Recenzje kinowe: Moja super eksdziewczyna, Życie ukryte w słowach

W skali od jednej do sześciu gwiazdek ocenia Robert Patoleta.

Robert Patoleta
Robert Patoleta
Udostępnij artykuł:

MOJA SUPER EKSDZIEWCZYNA ****

Inteligentna i zabawna parodia „Supermana” - zdecydowanie lepsza niż ostatni film o komiksowym herosie.

Zakompleksiony Matt Saunders (Luke Wilson) za namową wiecznie napalonego przyjaciela Vaughna (Rainn Wilson) podrywa w metrze niepozorną Jenny Johnson (Uma Thurman). Nie przypuszcza wówczas, że jego wybranka to słynna G-Girl - superbohaterka, która w gustownym obcisłym kombinezonie z rozwianym blond włosem ratuje ludzi z najbardziej karkołomnych tarapatów. Nie domyśla się tego nawet wtedy, kiedy myszka Jenny w łóżku okazuje się prawdziwym młotem na facetów.

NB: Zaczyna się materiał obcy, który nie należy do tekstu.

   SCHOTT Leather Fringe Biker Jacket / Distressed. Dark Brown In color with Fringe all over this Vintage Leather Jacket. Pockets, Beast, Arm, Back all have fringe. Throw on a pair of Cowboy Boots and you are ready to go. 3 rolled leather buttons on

Poznając coraz bliżej swoją wybrankę, coraz bardziej się do niej zniechęca. Jenny okazuje się chorobliwie zazdrosna i zaborcza. Kiedy wyznaje mu prawdę o sobie, Matt zaczyna rozumieć, że ich związek staje się dla niego niebezpieczny. Tym bardziej, że bardziej zależy mu na koleżance z pracy (Anna Faris), a tego Jenny, potrafiąca uderzeniem ręki wybić dziurę w ścianie, nie potrafi znieść. Na domiar złego na horyzoncie pojawia się złowrogi profesor Bedlam (Eddie Izzard), którego celem jest pozbawić G-Girl jej ponadnaturalnych umiejętności.

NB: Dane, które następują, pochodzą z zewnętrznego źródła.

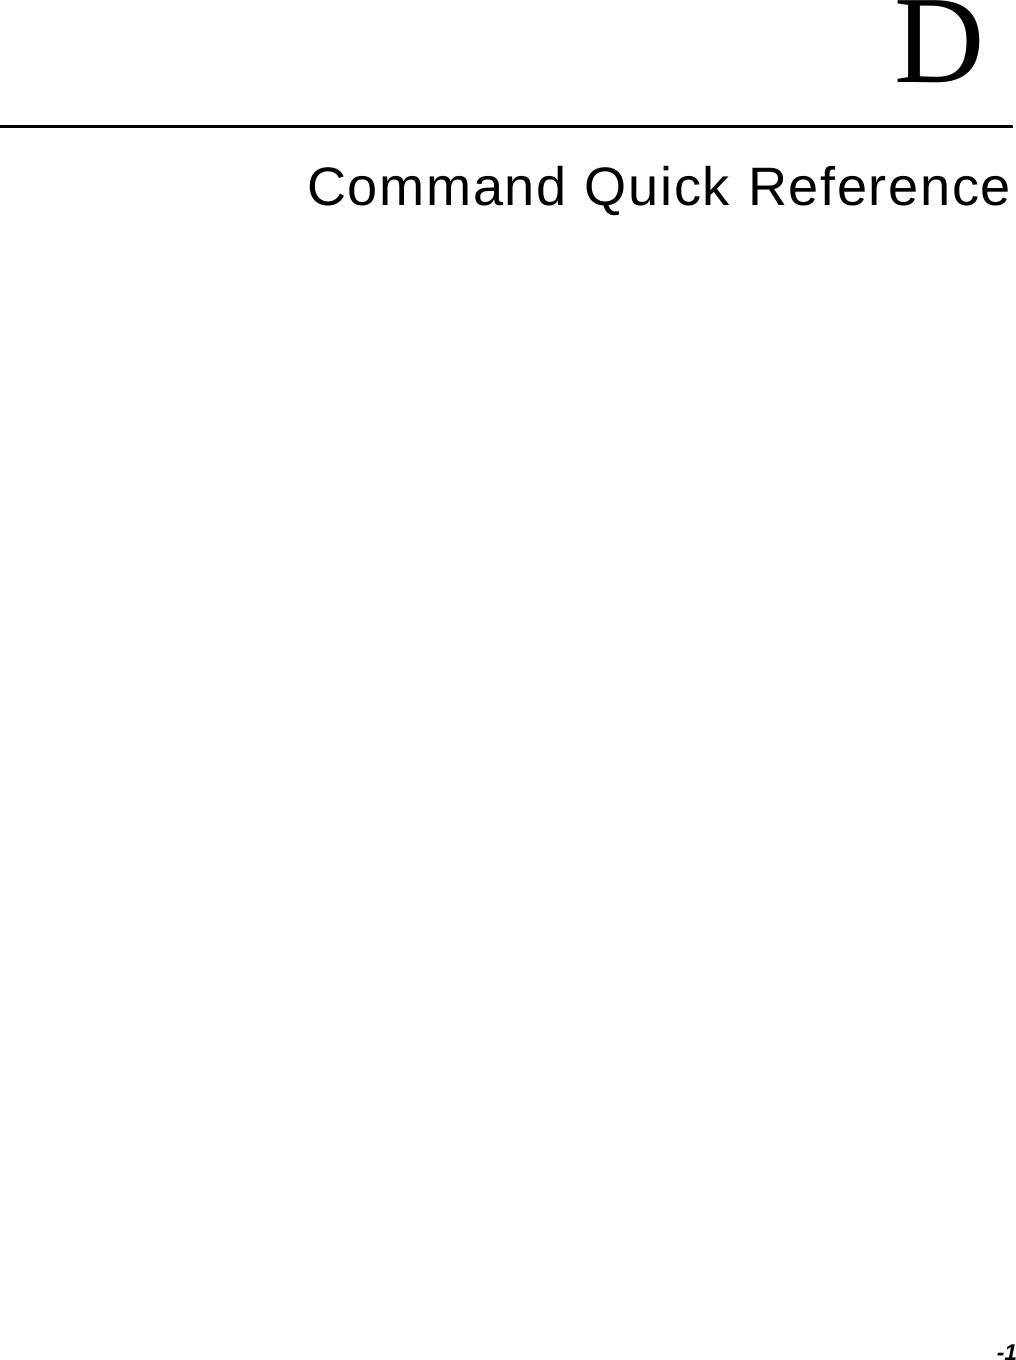 -1DCommand Quick Reference

Film pełen seksualnych nawiązań bazuje na odwróconych damsko-męskich stereotypach. Tutaj kobieta bezwzględnie panuje nad ciapowatym i nierozgarniętym mężczyzną. Postać G-Girl jest dowcipnie pogłębiona, znacznie bardziej niż wyidealizowany, ale nudny Superman. Bohaterka jest znacznie bardziej ludzka. Ratuje świat w potrzebie, lecz kiedy jej samej coś nie pasuje, staje się rozhisteryzowanym potworem.

Dodać należy, że film jest nieźle zagrany i kończy się naprawdę pomysłowo. Po prostu dobra rozrywka na zakończenie wakacji.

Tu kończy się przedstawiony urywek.